Exercise details
An exact repetition of the data below, without images, is the expected answer.

Raw data Block Start

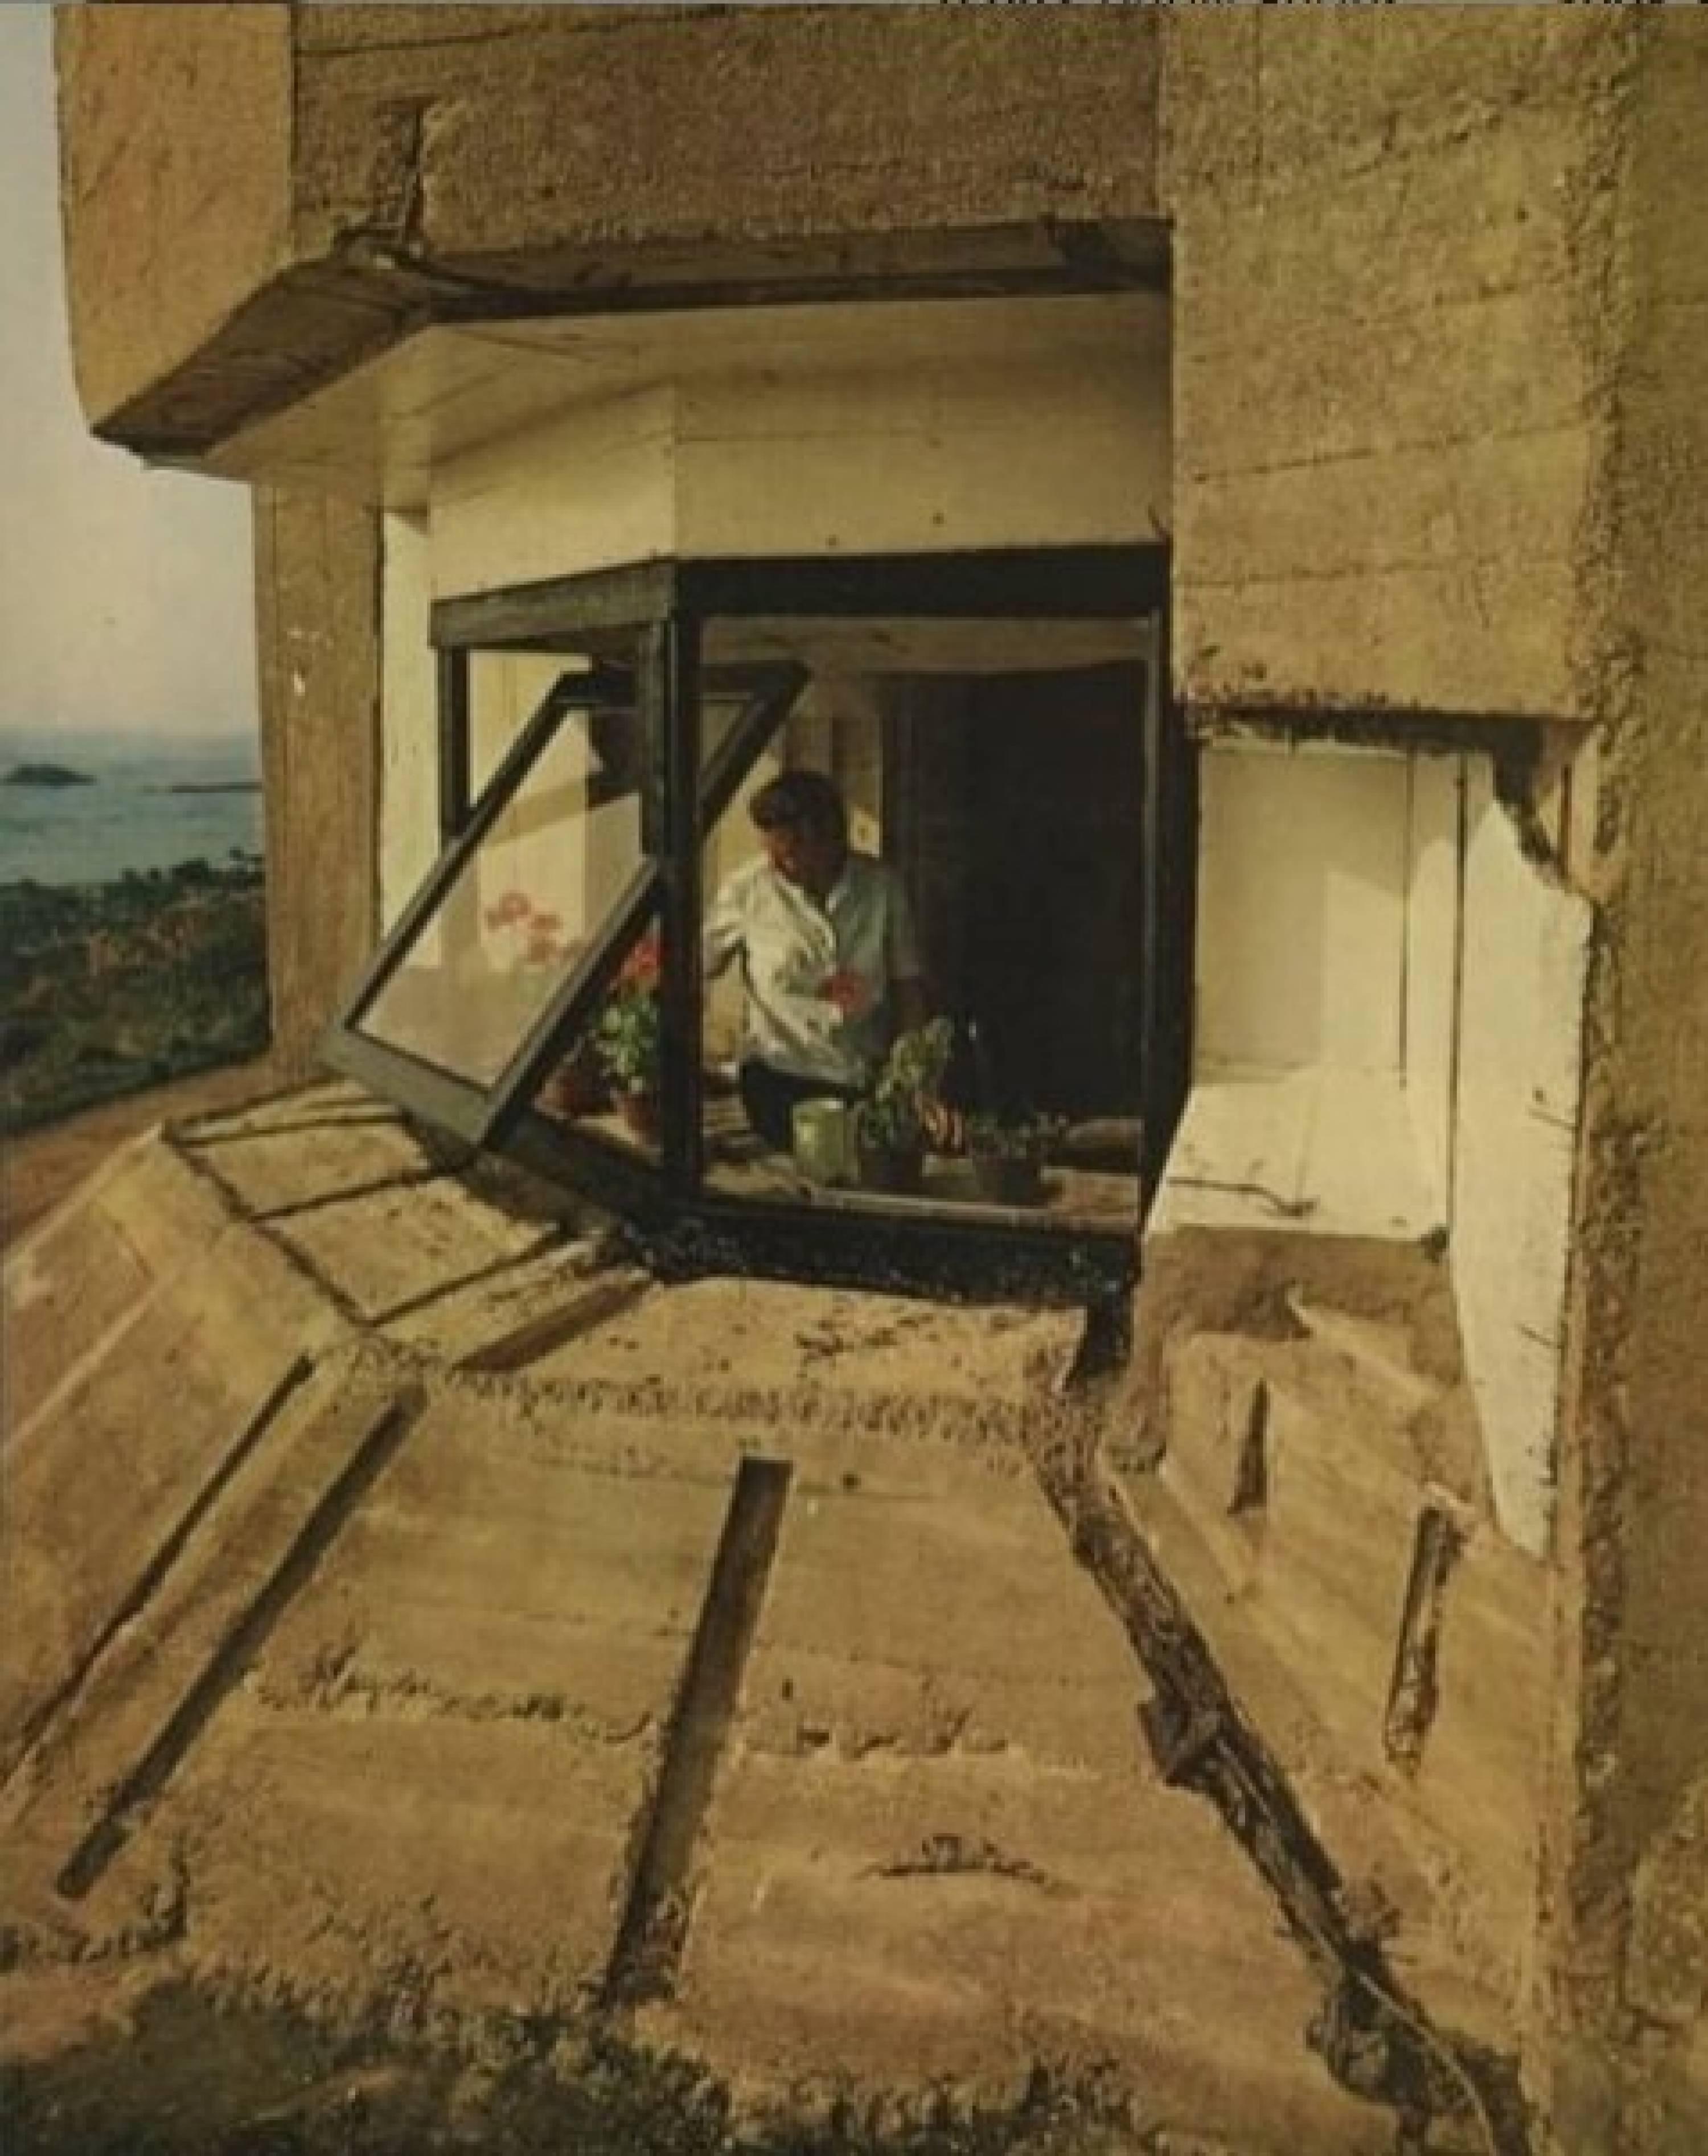 Bunker turned into habitation, Alderney, Channel Islands
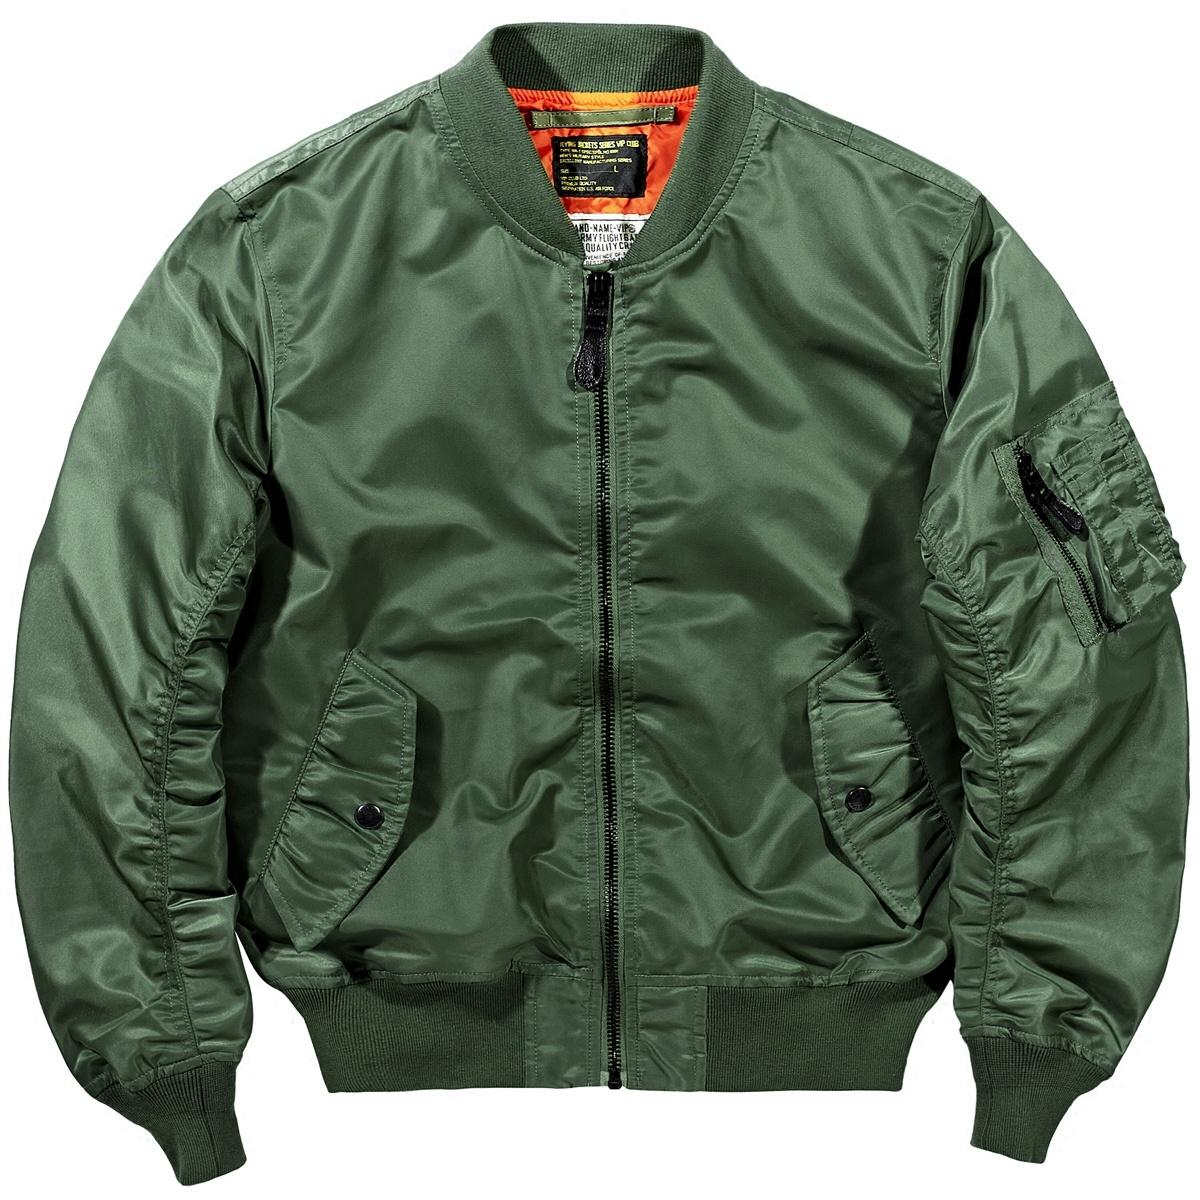 VIP春季新款空军ma1飞行员夹克男韩版棒球服大码男士军装外套潮牌
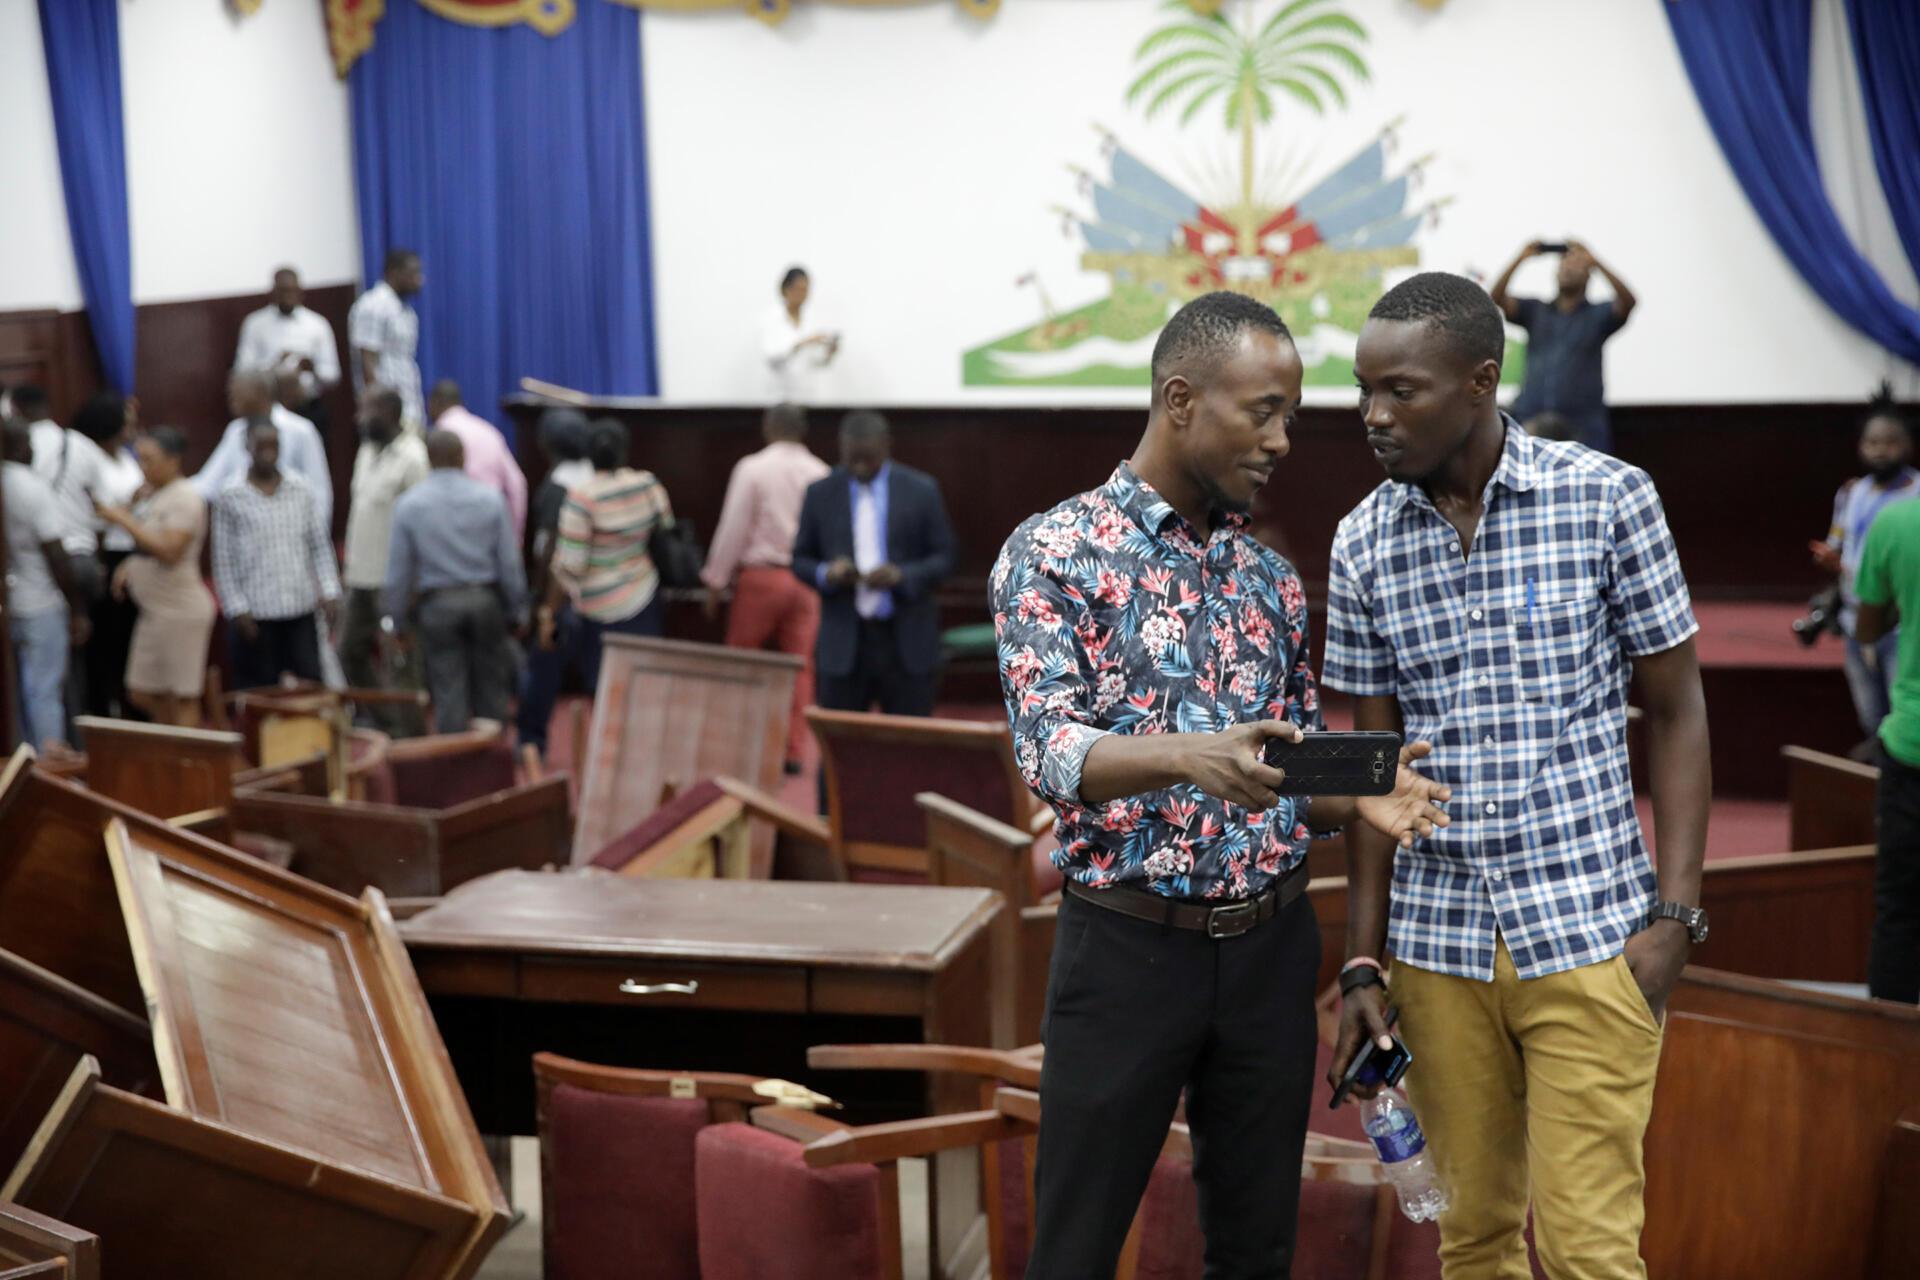 Des journalistes haïtiens filment le Parlement après avoir été saccagé par des députés de l'opposition, selon les médias locaux, à Port-au-Prince, le 3 septembre 2019.

Raw data Block End

Answer space
 Bunker turned into habitation, Alderney, Channel Islands
 VIP春季新款空军ma1飞行员夹克男韩版棒球服大码男士军装外套潮牌
 Des journalistes haïtiens filment le Parlement après avoir été saccagé par des députés de l'opposition, selon les médias locaux, à Port-au-Prince, le 3 septembre 2019.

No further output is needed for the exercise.